For generating this embedding, we first create a new dataset, that contains the full list of spots, in the correct order and without augmentation.
full_ds = create_dataset(
adata, img, adata.obs_names.values, "cluster", augment=False, shuffle=False
)
Then, we instantiate another model without the output layer, in order to get the final embedding layer.
model_embed = tf.keras.Model(inputs, x)
embedding = model_embed.predict(full_ds)
We can then save the embedding in a new AnnData, and copy over all the relevant metadata from the AnnData with gene expression counts…
adata_resnet = AnnData(embedding, obs=adata.obs.copy())
adata_resnet.obsm["spatial"] = adata.obsm["spatial"].copy()
adata_resnet.uns = adata.uns.copy()
adata_resnet
AnnData object with n_obs × n_vars = 2688 × 2048
obs: 'in_tissue', 'array_row', 'array_col', 'n_genes_by_counts', 'log1p_n_genes_by_counts', 'total_counts', 'log1p_total_counts', 'pct_counts_in_top_50_genes', 'pct_counts_in_top_100_genes', 'pct_counts_in_top_200_genes', 'pct_counts_in_top_500_genes', 'total_counts_mt', 'log1p_total_counts_mt', 'pct_counts_mt', 'n_counts', 'leiden', 'cluster'
uns: 'cluster_colors', 'hvg', 'leiden', 'leiden_colors', 'neighbors', 'pca', 'rank_genes_groups', 'spatial', 'umap'
obsm: 'spatial'
… perform the standard clustering analysis.
sc.pp.scale(adata_resnet)
sc.pp.pca(adata_resnet)
sc.pp.neighbors(adata_resnet)
sc.tl.leiden(adata_resnet, key_added="resnet_embedding_cluster")
sc.tl.umap(adata_resnet)
Interestingly, it seems that despite the poor performance on the test set, the model has encoded some information relevant to separate spots from each other.

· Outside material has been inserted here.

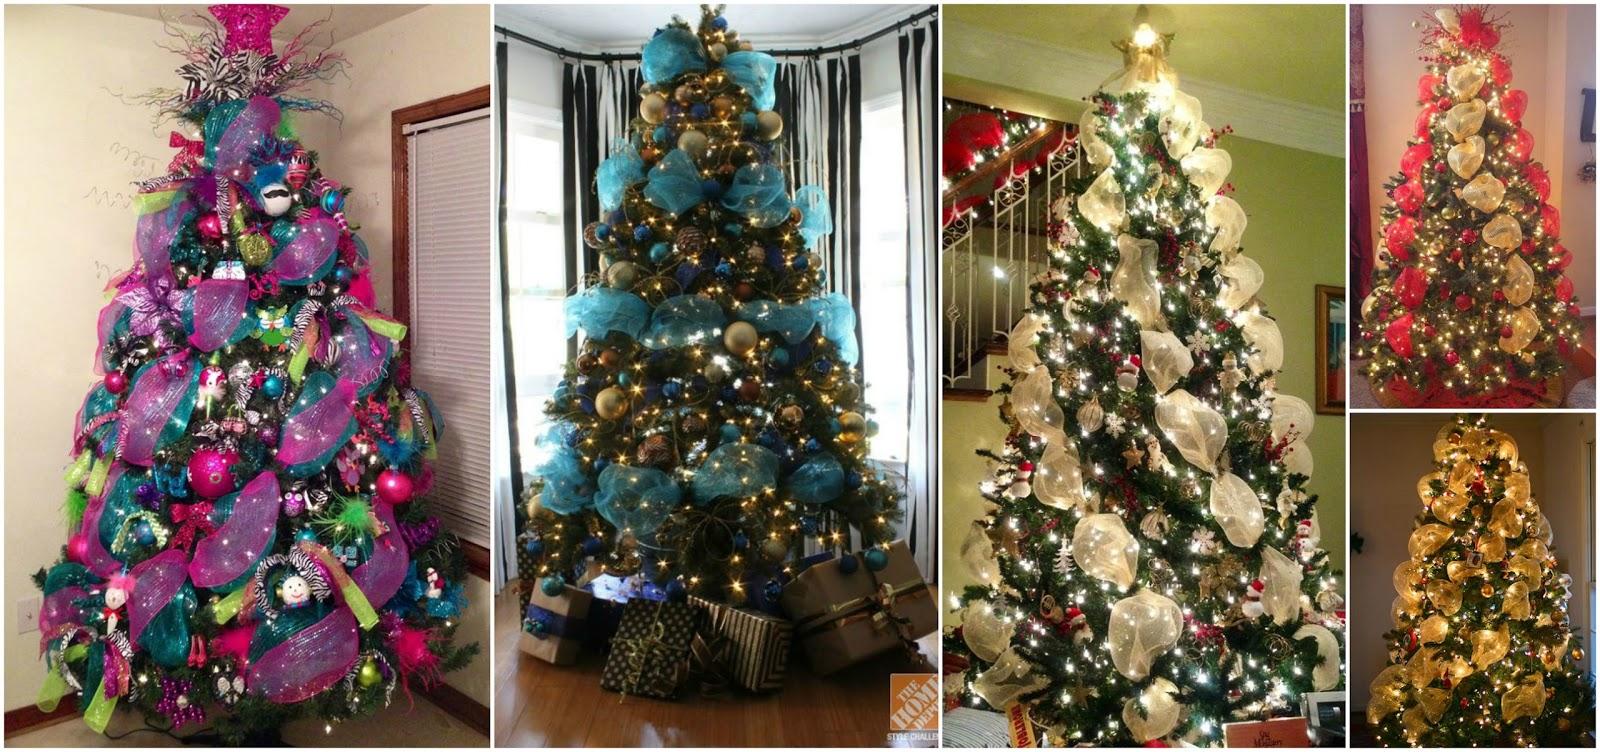 Aprende c mo decorar 7 rboles navide os con mallas - Comprar arboles de navidad decorados ...

The clustering annotation also resembles the original annotation based on gene expression similarity.
sc.set_figure_params(facecolor="white", figsize=(8, 8))
sc.pl.umap(
adata_resnet, color=["cluster", "resnet_embedding_cluster"], size=100, wspace=0.7
)
We can visualize the same information in spatial coordinates. Again some clusters seems to closely recapitulate the Hippocampus and Pyramidal layers clusters. It seems to have worked surprisingly well!
sq.pl.spatial_scatter(
adata_resnet,
color=["cluster", "resnet_embedding_cluster"],
frameon=False,
wspace=0.5,
)
An additional analysis could be to integrate information of both gene expression and the features learned by the ResNet classifier, in order to get a joint representation of both gene expression and image information. Such integration could be done for instance by concatenating the resulting PCA from the gene expression adata
and the ResNet embedding adata_resnet
. After concatenating the principal components, you could follow the usual steps of building a KNN graph and clustering with the leiden algorithm.
With this tutorial we have shown how to interface the Squidpy workflow with modern deep learning frameworks, and have inspired you with additional analysis that leverage several data modalities and powerful DL-based representations.